Y del otro lado de aquella pantalla, a cientos de kilómetros de allí, Kolya golpeaba cada botón de aquel teclado como si le fuera la vida en ello, mientras lo supervisaban atentamente al menos diez especialistas en programación de la Interpol. Por supuesto que era puro protocolo, porque ni los diez juntos alcanzaron a seguirle el ritmo a todo lo que su cerebro estaba ingresando en aquel panel.
—¡Vamos, vamos, rómpete! —gritó con frustración después de una hora entera de tratar de quebrar aquellos códigos, mientras al final de cada maldita línea iba dejando una pista, una tras otra, pistas que se iban acumulando poco a poco como rezagos de letras, números o símbolos en una esquina de la pantalla de Mateo.
Y aunque detrás de él Rodrigo y Diego se morían por preguntarle qué demonios significaba aquello, ninguno se atrevía a abrir la boca y solo veían cómo de cuando en cuando alguna letra perdida iba a sumarse al pequeño renglón que no dejaba de cambiar y moverse de un lado al otro.

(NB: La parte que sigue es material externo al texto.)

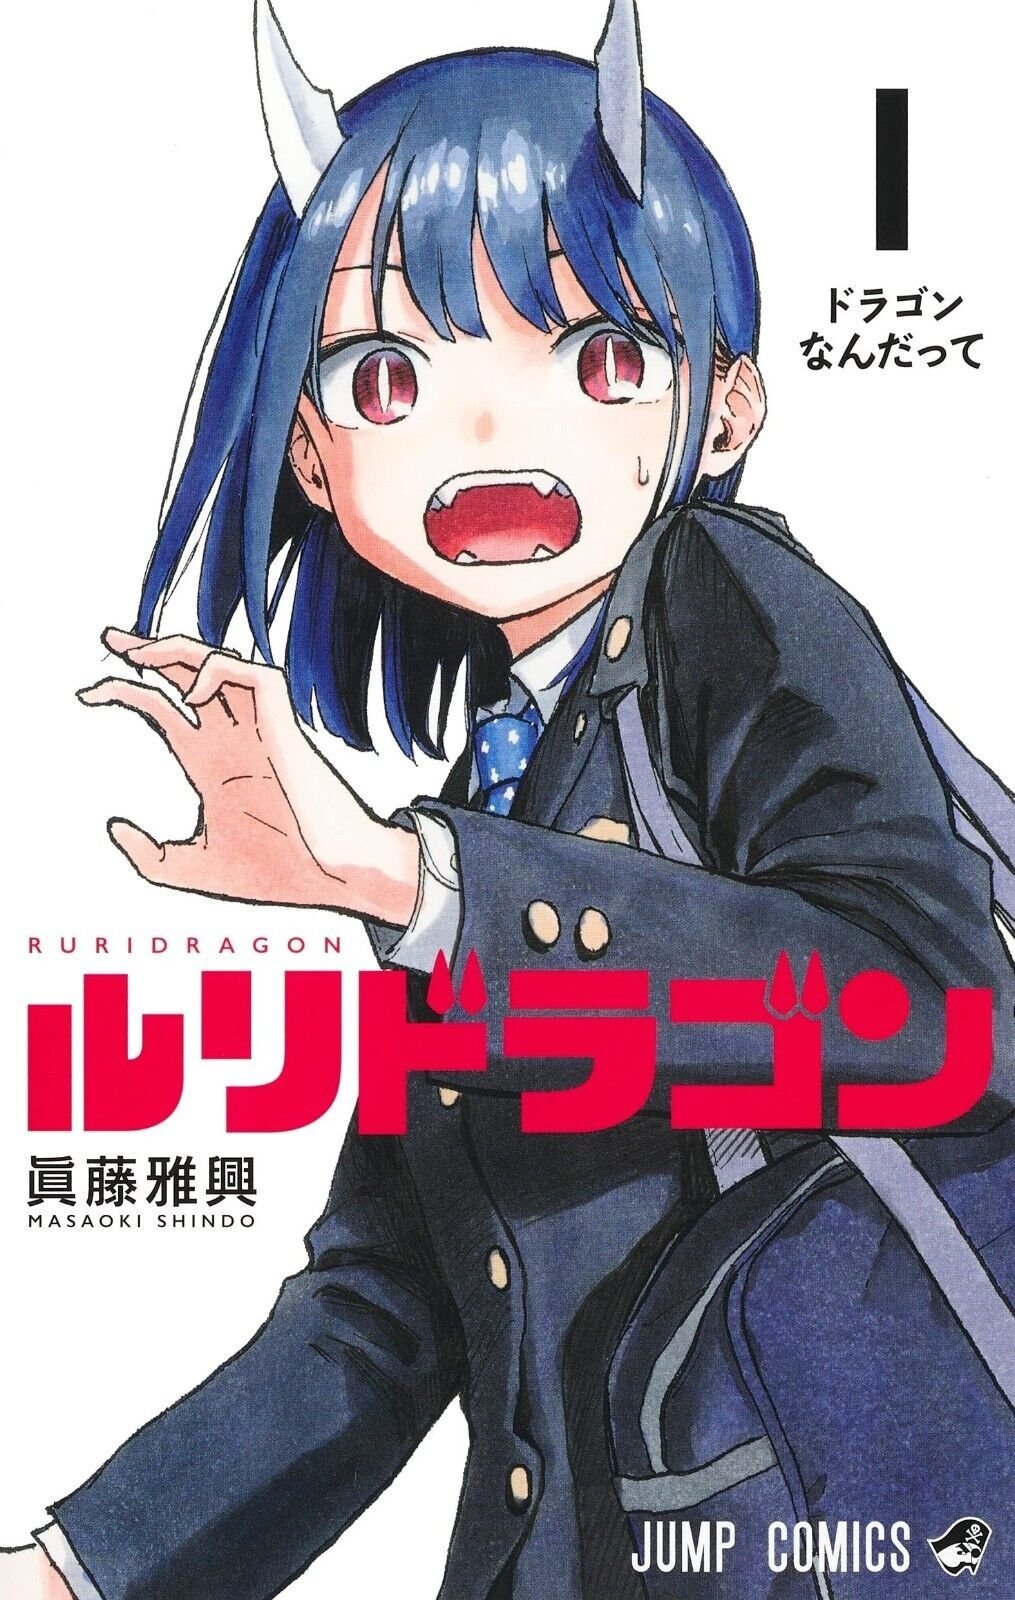 Manga Mogura RE on X: Oshi no Ko Anime Season 2 Announced

—¡Eso, muchacho, vamos! ¡Vamos, inténtalo! —exclamó porque sabía que debía ponérselo tan difícil como fuera posible. Seguramente había un montón de idiotas supervisándolo y tenía que parecer que el muchacho lo había logrado solo, así que aguantó tres horas, tres horas de una batalla ininterrumpida hasta que finalmente su pantalla se puso totalmente en rojo.
La última vez que Mateo tecleó algo fue para mandar aquella larga línea incomprensible hasta una tableta segura, y entonces solo se escuchó el chispazo con que estallaba el hardware de la computadora. Bastaron segundos para que todo aquello hiciera cortocircuito y se quemara, pero esos segundos fueron decisivos para que Kolya lograra sacar información precisa, urgente y necesaria.

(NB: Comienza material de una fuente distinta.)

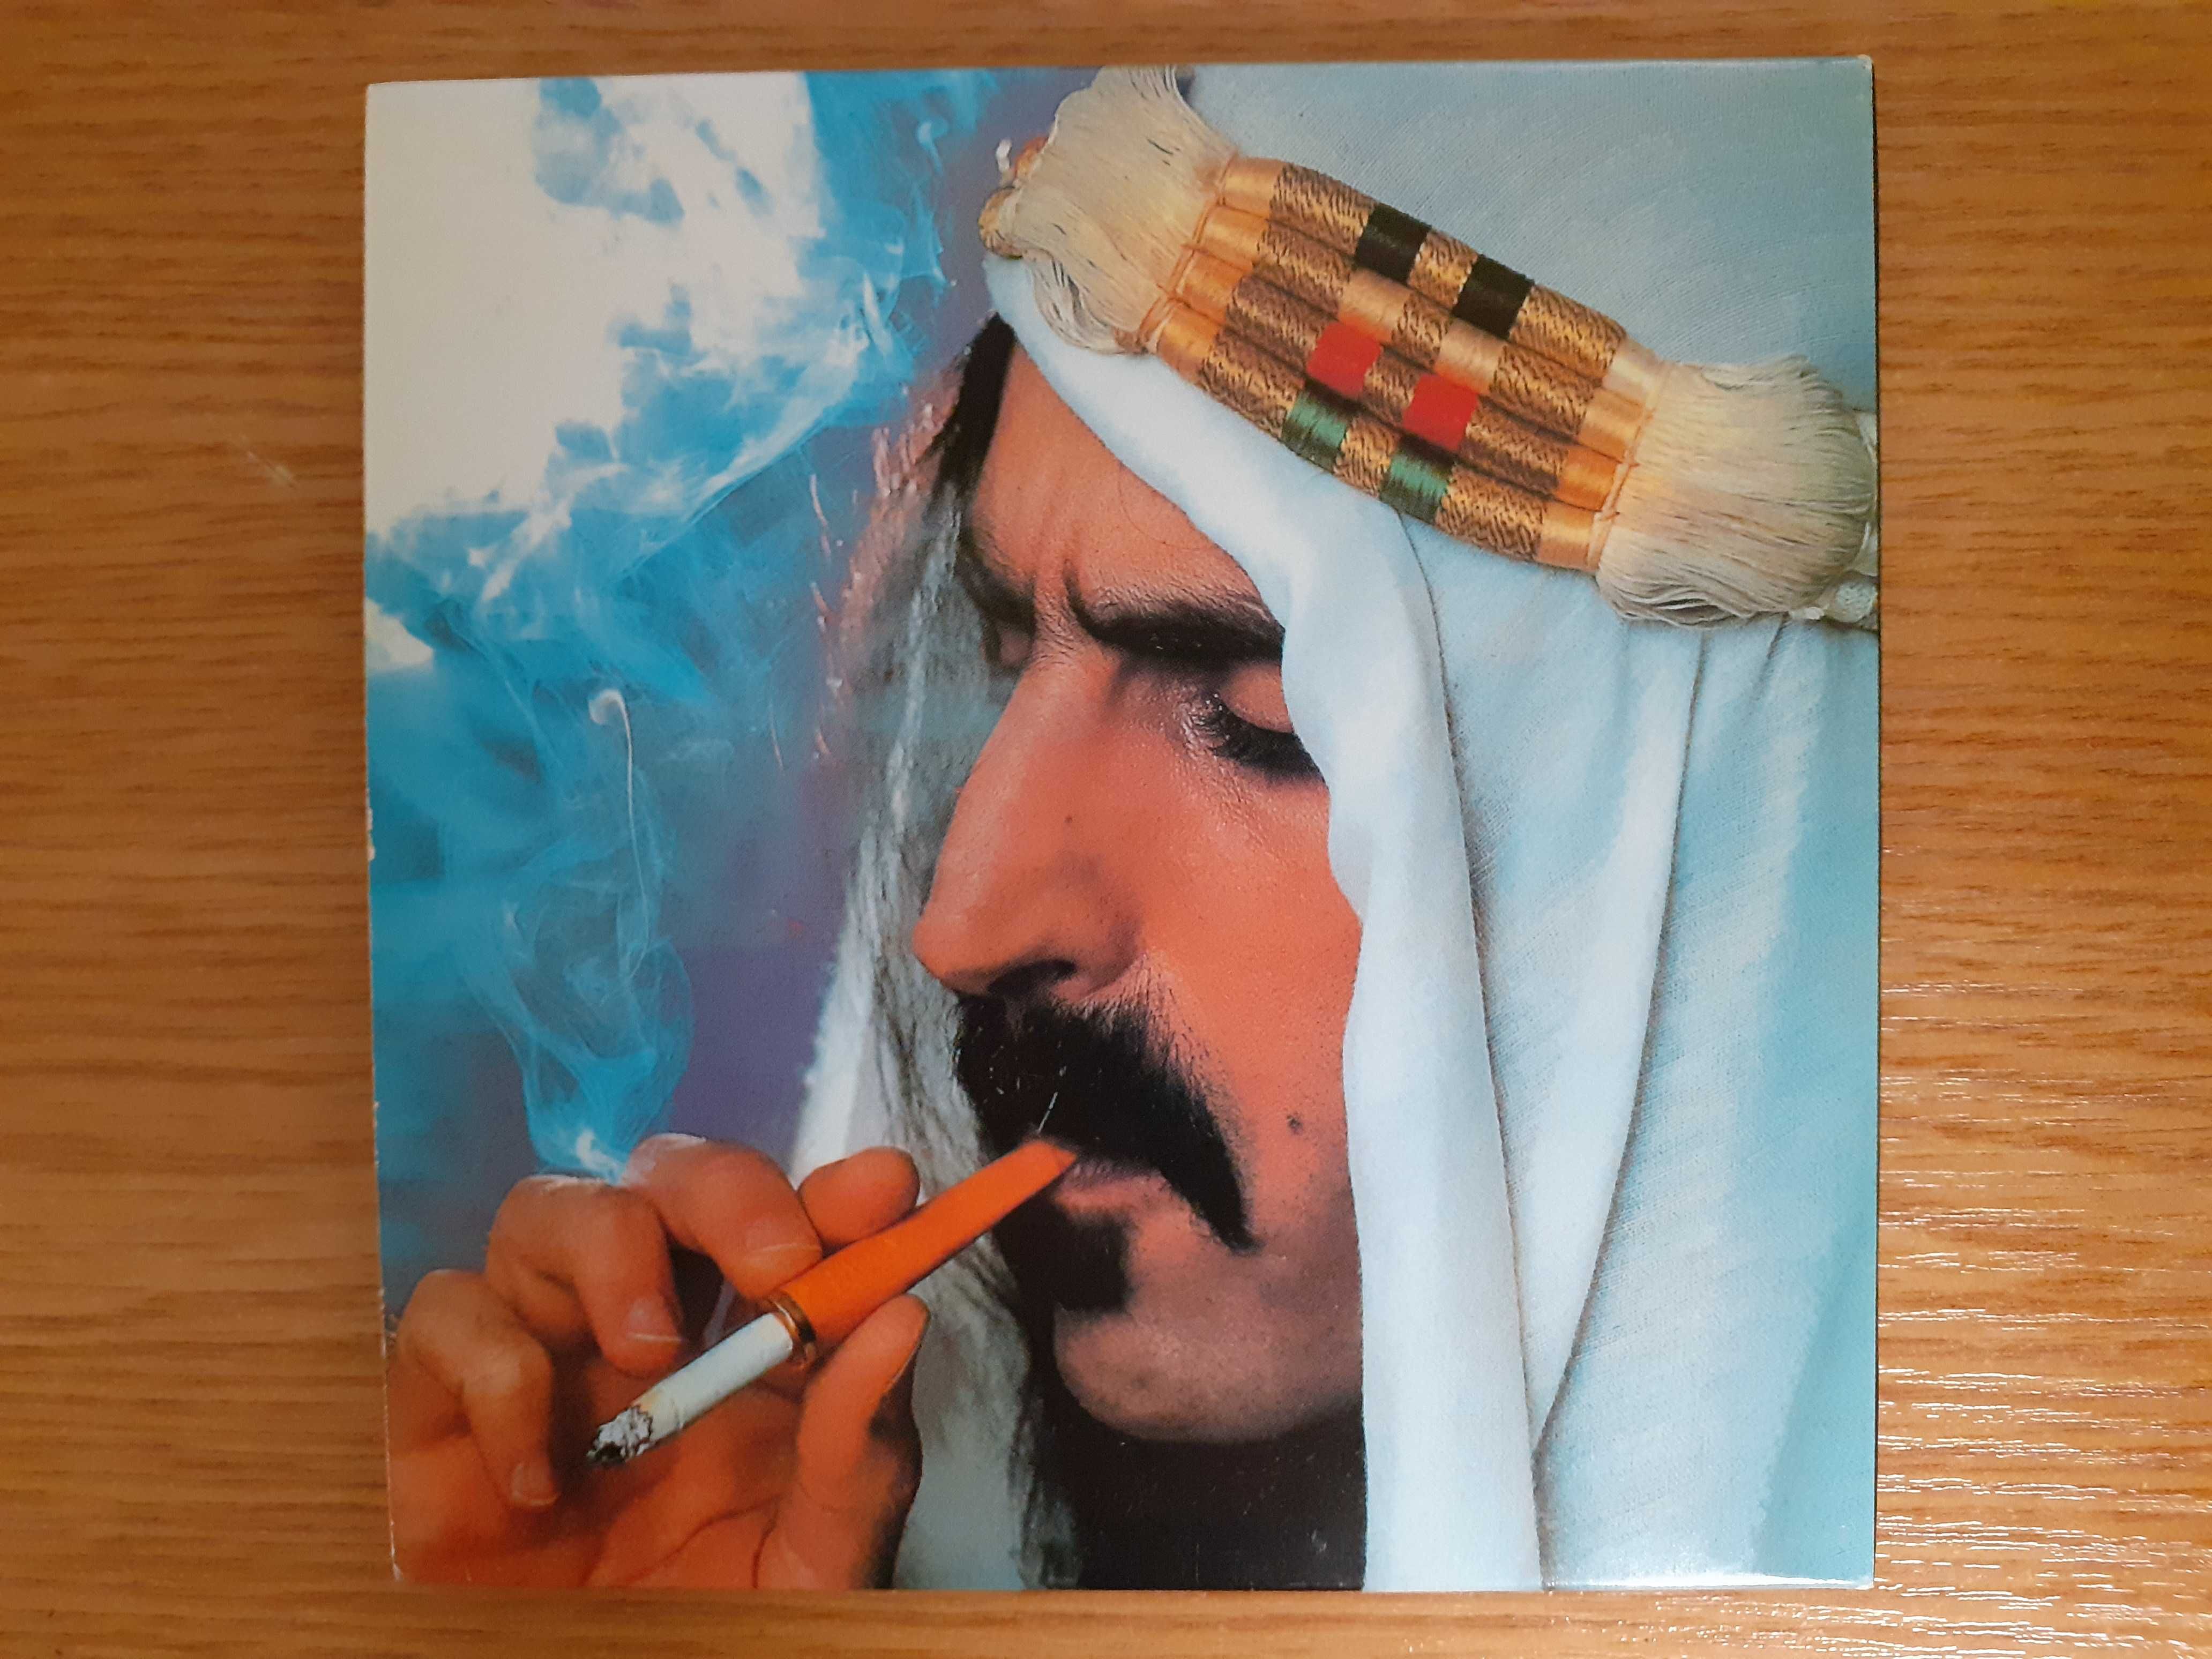 Японский компакт диск CD Frank Zappa ‎– Sheik Yerbouti (Mini LP)

—¡Esto es una basura, aquí no dice nada de Mateo De Navia! —gruñó uno de los hombres que lo estaban supervisando mientras revisaba decenas de carpetas y archivos.
—Pues no lo he visto todo, pero esto era lo que estaba protegiendo —replicó el muchacho con desesperación—. ¡Ustedes mismos lo vieron, casi no lo consigo! ¡Prefirió quemar por completo su computadora antes que dejar que sacara todo! ¡Pero esto es algo ¿no?! ¡Tiene que ayudar en algo, deben ser archivos importantes! ¡Por favor, revísenlos! —Uno de los hombres llamó a los guardias, que lo arrastraron fuera de allí sin miramientos de vuelta a su celda—. ¡Por favor, revísenlos! ¡Estoy seguro de que hay algo importante ahí, por favor! ¡Me dijeron que me iban a ayudar a encontrar a mis hermanos! ¡Su jefe lo prometió! ¡Sáquenme de aquí, maldita sea, suéltame!
Pero por más que el muchacho se debatía para liberarse, la verdad era que seguía esposado de pies y manos, y que cualquiera de aquellos guardias tenía tres veces su peso, o al menos así se sentía.
Kolya estaba furioso, rojo y con la piel toda marcada por los pesados apretones de los agentes y por tirar de aquellas esposas con cadenas, hasta el mismo segundo en que lo empujaron dentro de su celda nuevamente.
—¡Mentirosos, son todos una bola de mentirosos! —gritó golpeando a la puerta con los puños por tanto tiempo que pareció como si de repente hubiera olvidado hacer cualquier otra cosa. Finalmente el cansancio debió vencerlo, después de todo había pasado más de tres horas pegado a aquella computadora en lo que nadie reconocería jamás, pero había sido una de las batallas digitales más feroces que se había librado en el mundo.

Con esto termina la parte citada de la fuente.